14. The computing system of claim 8, wherein the input that defines a configuration is provided in natural language, wherein the instructions when executed by at least the processor of the computing system further cause the computing system to convert the natural language to the one or more conditions.
15. A computer-implemented method, comprising:
accepting input that defines a configuration for a functional sensor in a metadata repository of an enterprise data system, wherein the configuration specifies one or more conditions applied to one or more data sources for triggering a signal associated with initiation of a task;
monitoring the one or more data sources of the enterprise data system with the functional sensor for transaction changes that satisfy the one or more conditions for triggering the signal;
detecting a transaction change that satisfies the one or more conditions with the functional sensor;
emitting the signal in response to detection that the one or more conditions for triggering the signal are satisfied; and
in response to receiving the signal, automatically executing the task in the enterprise data system.

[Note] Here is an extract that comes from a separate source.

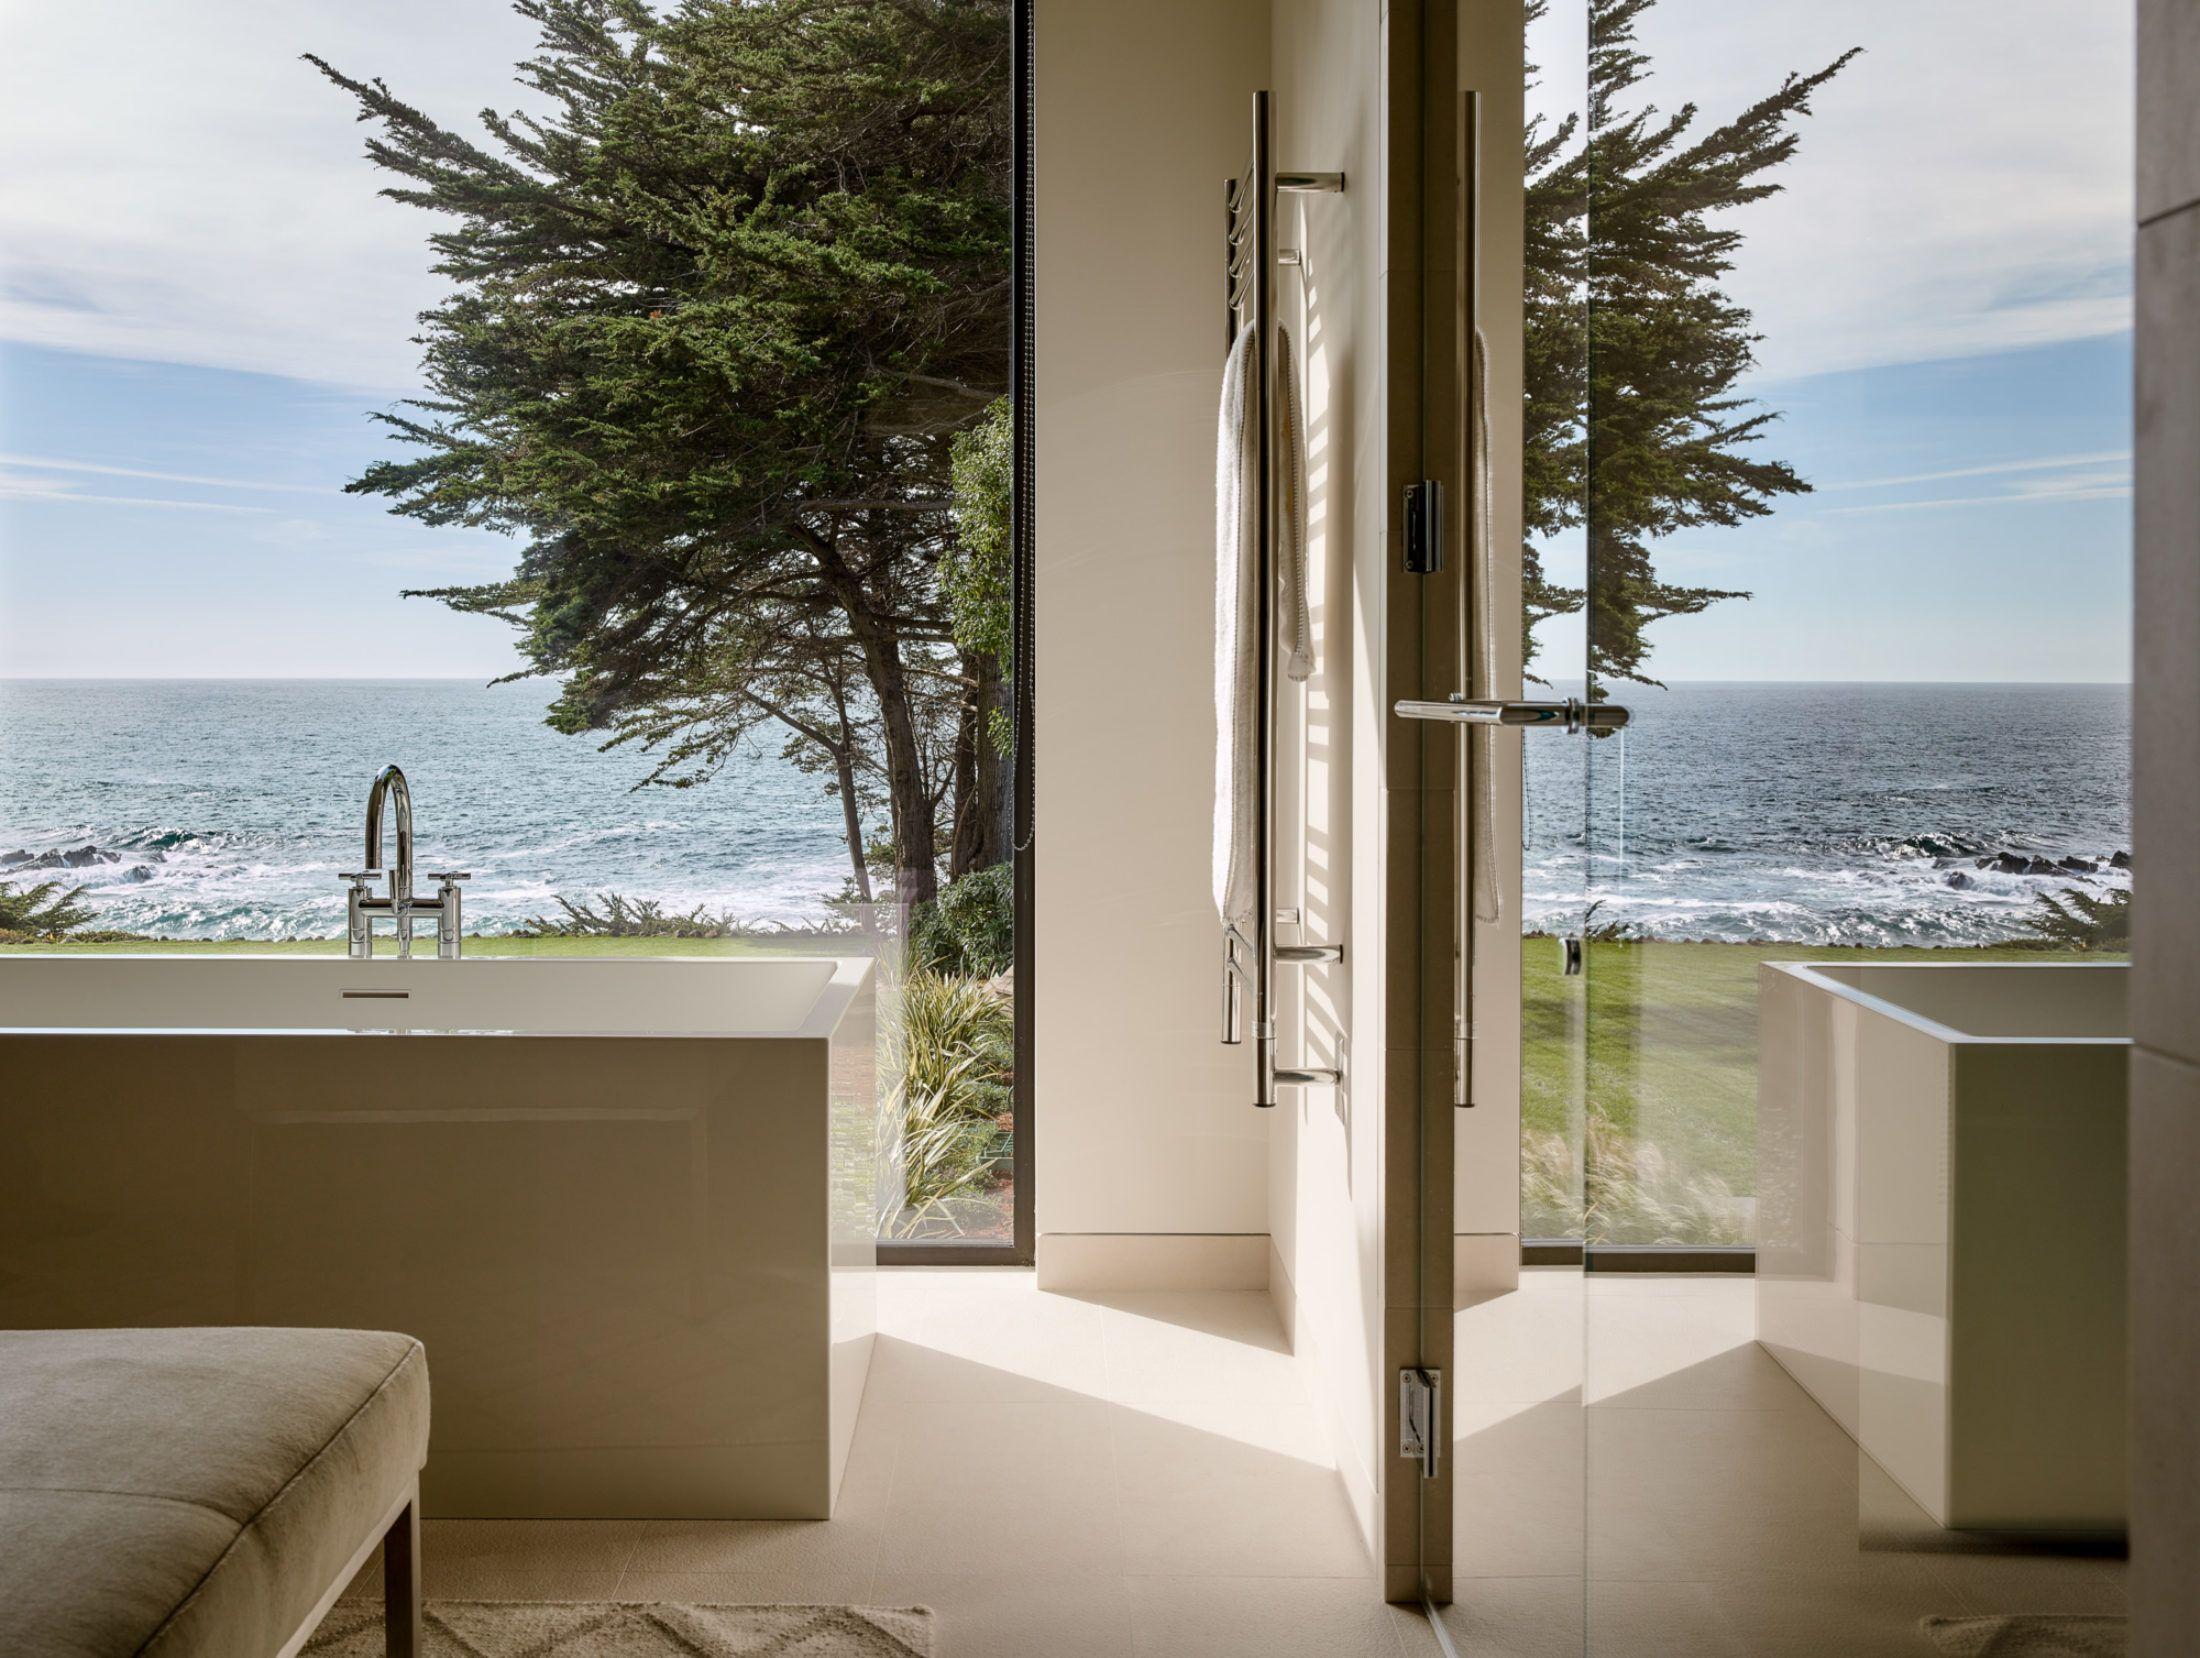 Sea Ranch Escape Butler Armsden Architects San Francisco
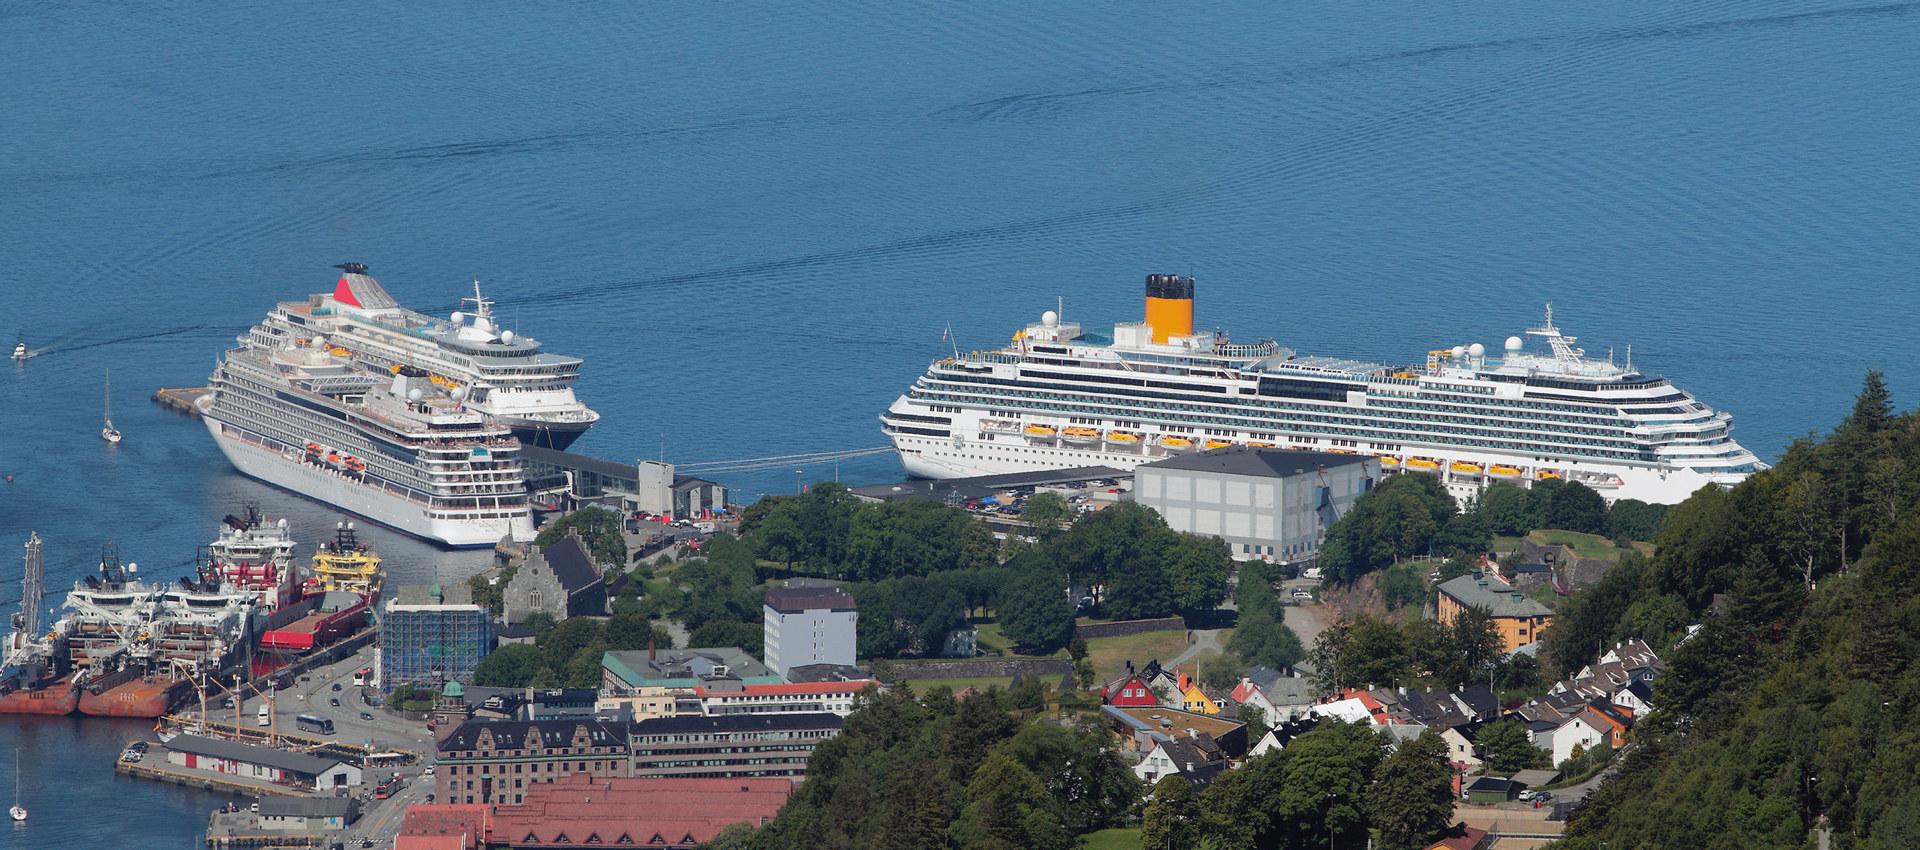 Cruisetrafikk i Bergen

16. The computer-implemented method of claim 15, further comprising, after accepting the input, registering the configured functional sensor in a metadata repository of the enterprise data system to cause the enterprise data system to execute the functional sensor at runtime.
17. The computer-implemented method of claim 15, further comprising:
accepting a frequency in the input;
configuring the functional sensor to repeatedly execute at runtime at the frequency; and
repeating the steps of monitoring the one or more data sources, detecting the transaction change, and emitting the signal at the frequency.
18. The computer-implemented method of claim 15, further comprising:
accepting a relative time away from an occasion in the input;
determining an occasion time at which the occasion will occur;
determining a non-relative time based on the occasion time and the relative time; and
executing the functional sensor at the non-relative time.
19. The computer-implemented method of claim 15, further comprising executing the functional sensor at runtime in response to receipt of the transaction change.
20. The computer-implemented method of claim 15, wherein the input that defines a configuration is provided in natural language, the method further comprising converting the natural language to the one or more conditions.